The base of this discussion is about building and maintaining a healthy data model. If executed improperly you may find yourself in a costly situation when demand out grows your design. Nobody likes spending where spending shouldn’t be necessary. Unfortunately, in growing a business it’s almost unavoidable – but we will give it our best shot.
Your schema will determine all data relationships within the system. Data models are expressed in data definition language (DDL) statements which are used to create the actual relational data structures in the form of tables. The ways in which you organize these structures will determine how you are able to divide and distribute your data which directly impacts ability to scale. Restructuring relationships is costlier than building from scratch which is why we recommend getting it right from the beginning.
Relational Basics
Let’s examine the steps that go into constructing a proper relational model. We start by defining “entities”; put simply an entity is any unique object or instance that can exist independently. To define such a thing, we need a decisive piece or pieces of information – what is it that makes the instance unique? Each quality is called an attribute and can be anything that describes an entity. There are required unique attributes that identify a unique entity for example if we have movie as an entity, attributes might be the International Standard Audiovisual Number (ISAN) and others that add a deeper description such as title and director.
Once descriptive attributes are established it’s possible to organize further. We can now group entities which acquire the same attributes into entity sets. Using our earlier example, we would consider all movies directed by the same individual to be of the same entity set. This is where you start to see the model take its shape as the entity set could fill out a table with rows representing your entities.

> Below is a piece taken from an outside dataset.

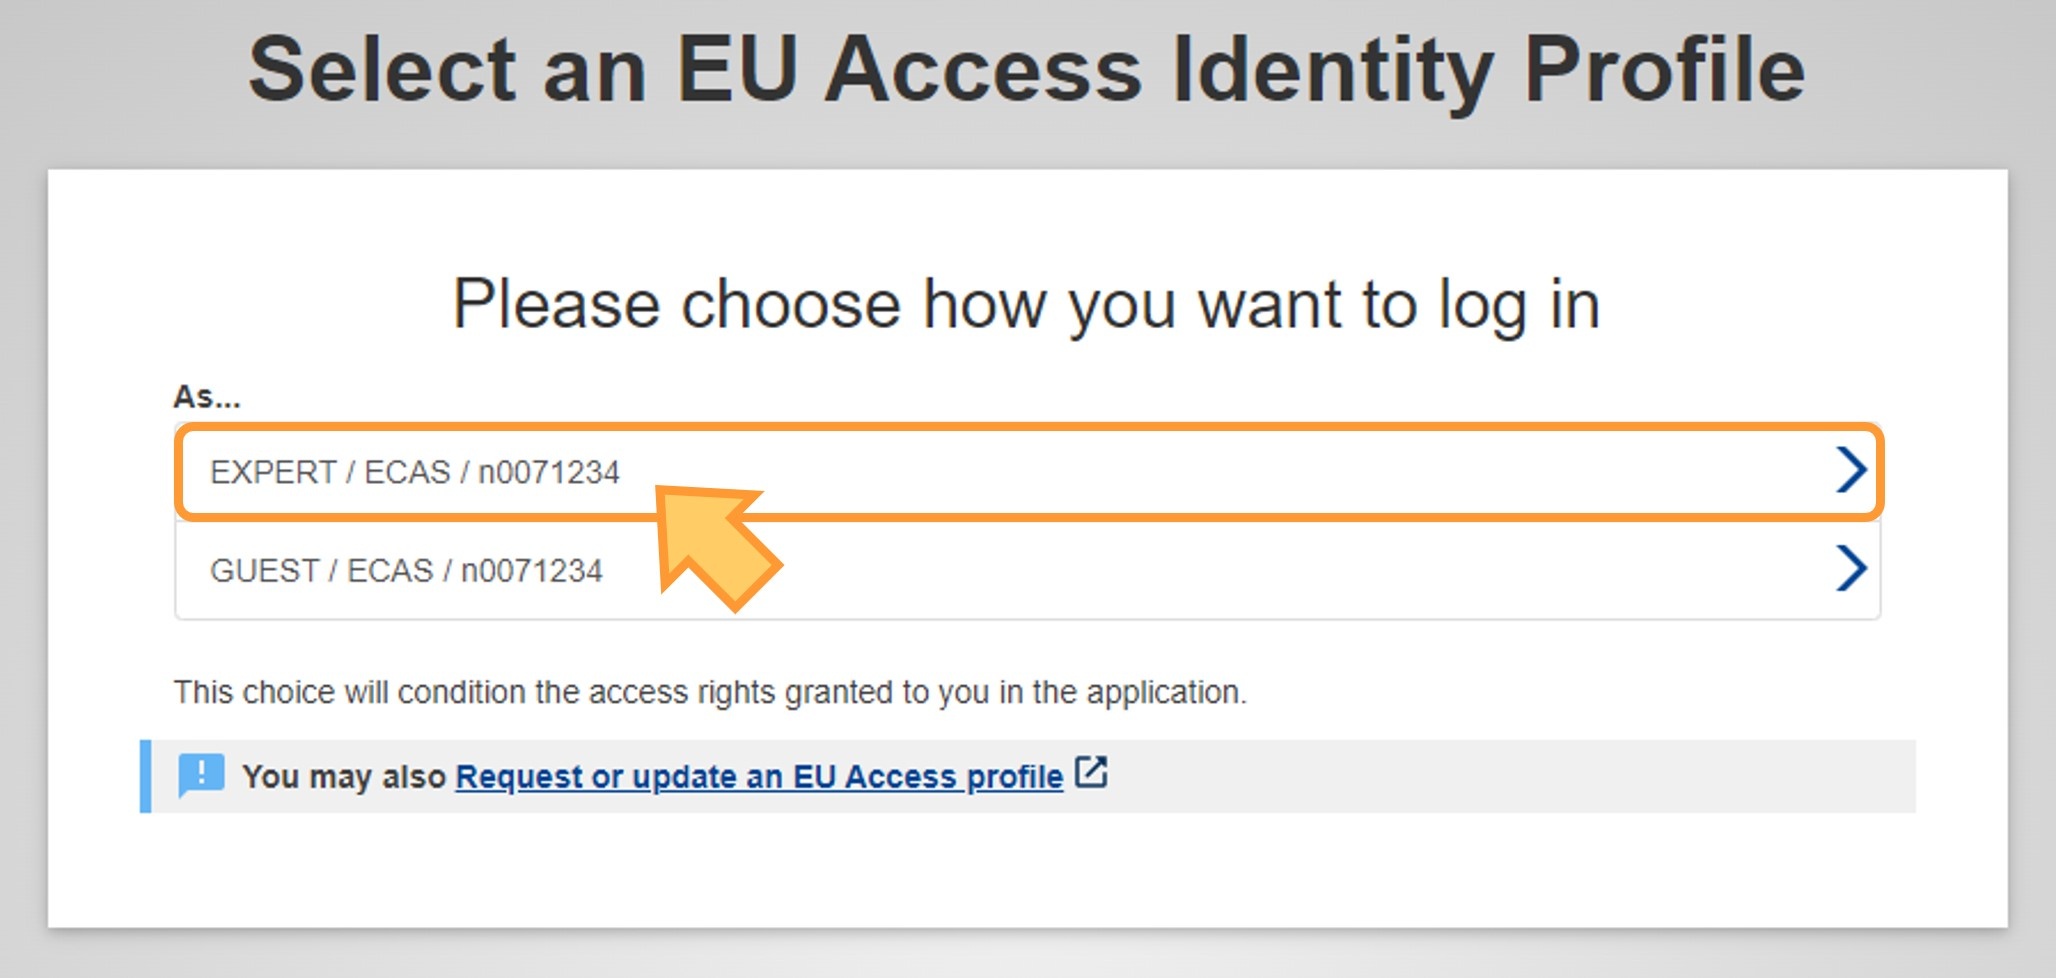 Select the expert EU Access Identity Profile

We call the unique descriptive attributes that describe entities the primary key of the table, where the attribute that describes a relationship between entities is the foreign key of the table. Foreign keys are how we relate the entities of different entity sets.
Entity Relationship Diagrams
These models can start to get extremely complicated very fast so a good practice is to make use of an Entity Relationship Diagram (ERD). ERDs are a helpful aid to view all these relationships compiled in a visual form. There are two types of EDRs used; simple Entity Relationship Diagrams or Enhanced Entity Relationship Diagrams (EERD). EERDs are used when ERDs become too complex and demand an extension on the original entity relationship model. The added concepts that may be used in an EERD are as follows:
- Generalization: lower level entities are combined to produce a higher level entity
- Specialization: higher level entities are combined to produce a lower level entity
- Aggregation: a process where the relation between two entities is treated as a single entity
Below is an example of an ERD depicting possible relations of the previous movie/director example in the form of a generic streaming application.
Within these diagrams there are three types of relations that can form. There is one-to-one, one-to-many and many-to-many, all of which are displayed in the above example.
- One-to-one relations are typically created to further precision, it could be the case that one entity is split into two.
- In our example we have user profile and account. Within this service one account should only ever have one user profile for the given subscription therefore the relation is one-to-one.
- Reasons one-to-one relations may occur is to track changes over time. Account email and name are immutable where one may want to change their password, subscription or credit card used. It is possible to have many temporal based instances of the account by versioning effective data.
- One-to-many relations (the most common relationship) occurs between two entities A and B where A may connect to multiple instances of B but an instance of B only connects to one instance of A.
- A one-to-many example is shown between director and movie as the movie is only linked to the singular director but the director could be linked to many other movies.
- Many-to-many relations are where both instances are connected to many other instances.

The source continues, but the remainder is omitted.